For a practicing healthcare provider, researcher or policymaker, deciding whether to believe the results from a single NMA or to choose amongst conflicting NMAs, is difficult without a tool to assess the risk of bias. An empirical evaluation identified 28 NMAs on treatment for rheumatoid arthritis [7] and found considerable discrepancies across data extracted and risk of bias assessments of included RCTs and assessment of heterogeneity. In addition, different network configurations were possible due to the different grouping of interventions considered and how they might have been merged or split into different nodes. Concerns with each of these issues leave healthcare providers and policy makers with uncertainty as to which of the biologics has the greatest treatment effect [7, 8].
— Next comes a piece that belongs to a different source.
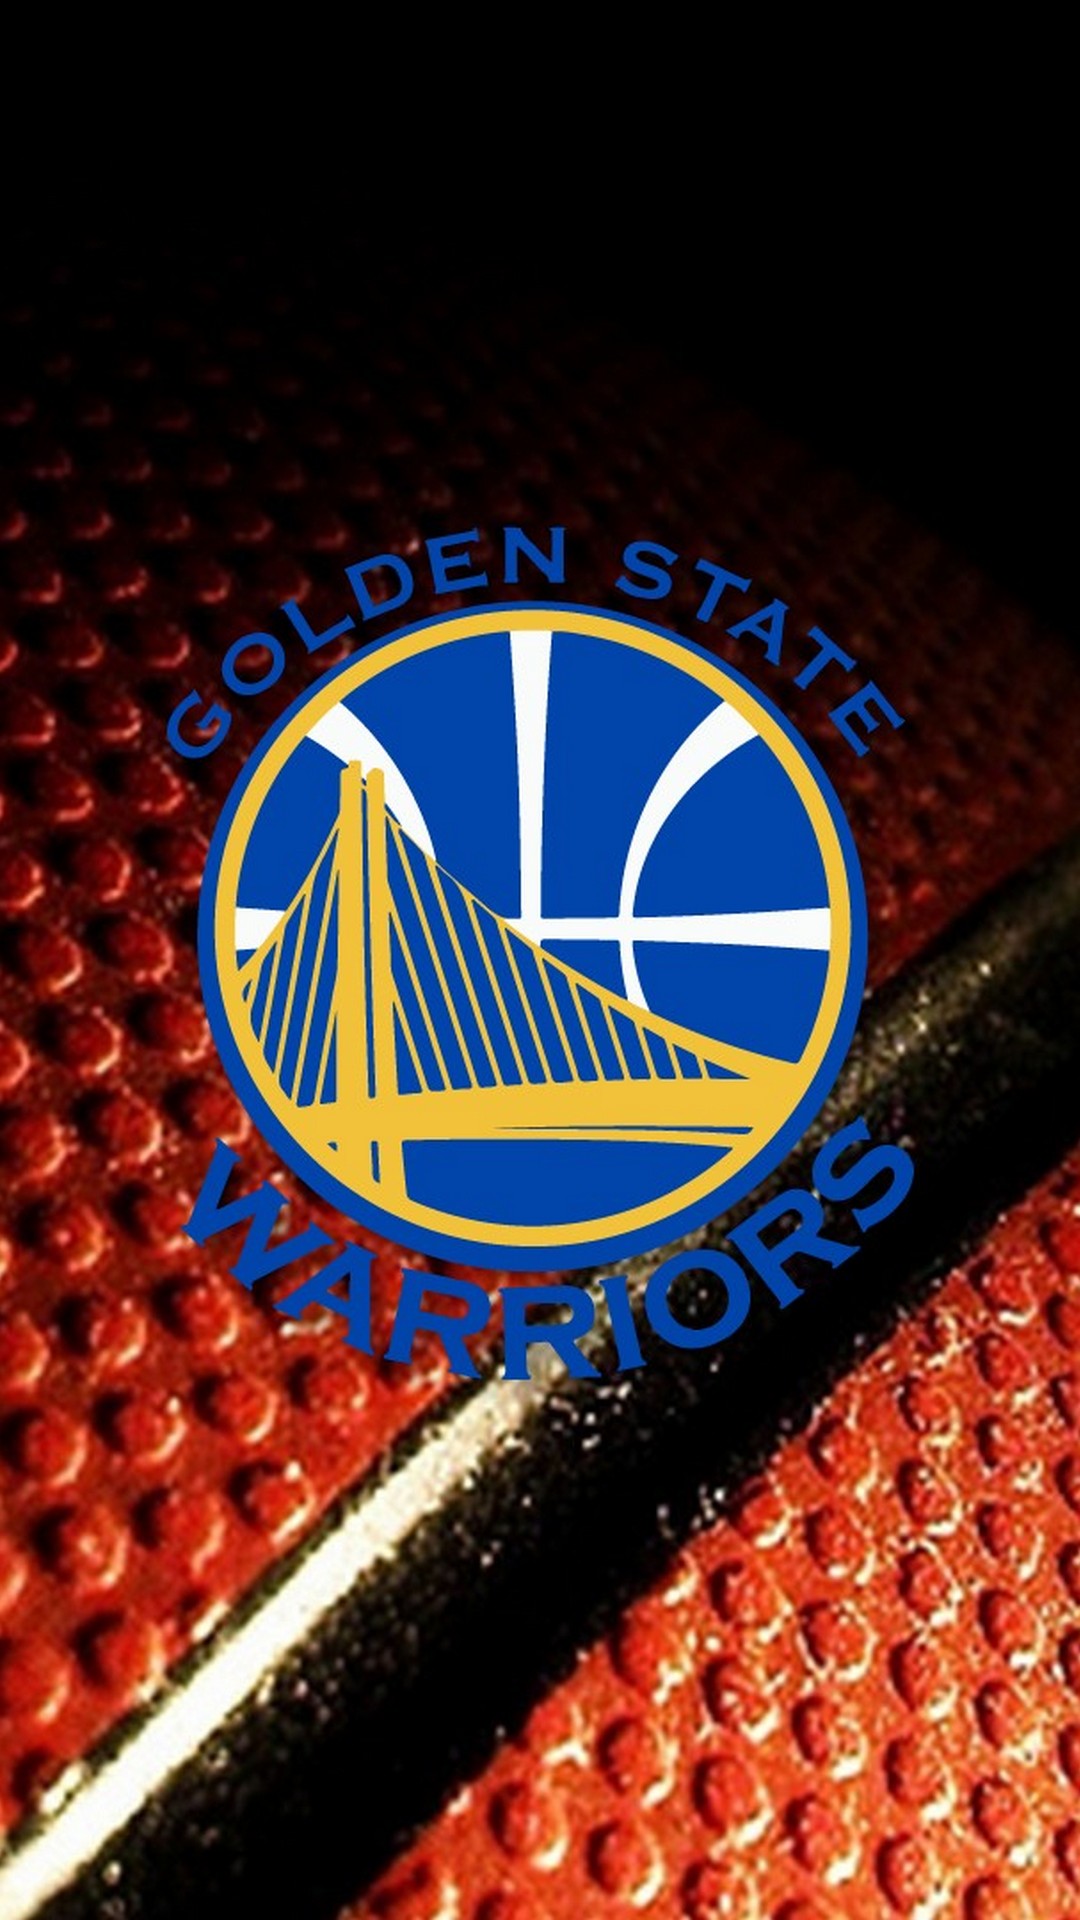 Golden State iPhone 6 Wallpaper with image dimensions 1080x1920 pixel. You can make this wallpaper for your Desktop Computer Backgrounds, Windows or Mac Screensavers, iPhone Lock screen, Tablet or Android and another Mobile Phone device

Tools are available for most study designs to make quality assessment easier. For example, the Methodological Expectations of Cochrane Intervention Reviews [9] is a guideline which outlines the methods that should be followed when authors are conducting a systematic review. The ROBIS (Risk Of Bias In Systematic Reviews) [10] tool can be used by stakeholders to assess the risk of bias in systematic reviews with standard meta-analysis. Biases at the systematic review level include publication bias (e.g. where studies are missing from the published literature because they did not report statistically significant results) and selective reporting of outcomes (e.g. where outcomes did not reach a high level of magnitude or the desired direction of effect and are not reported in the published trial) or analyses. The consequence of selective reporting is that the published literature is strongly biased and will substantially overestimate or underestimate effects and associations.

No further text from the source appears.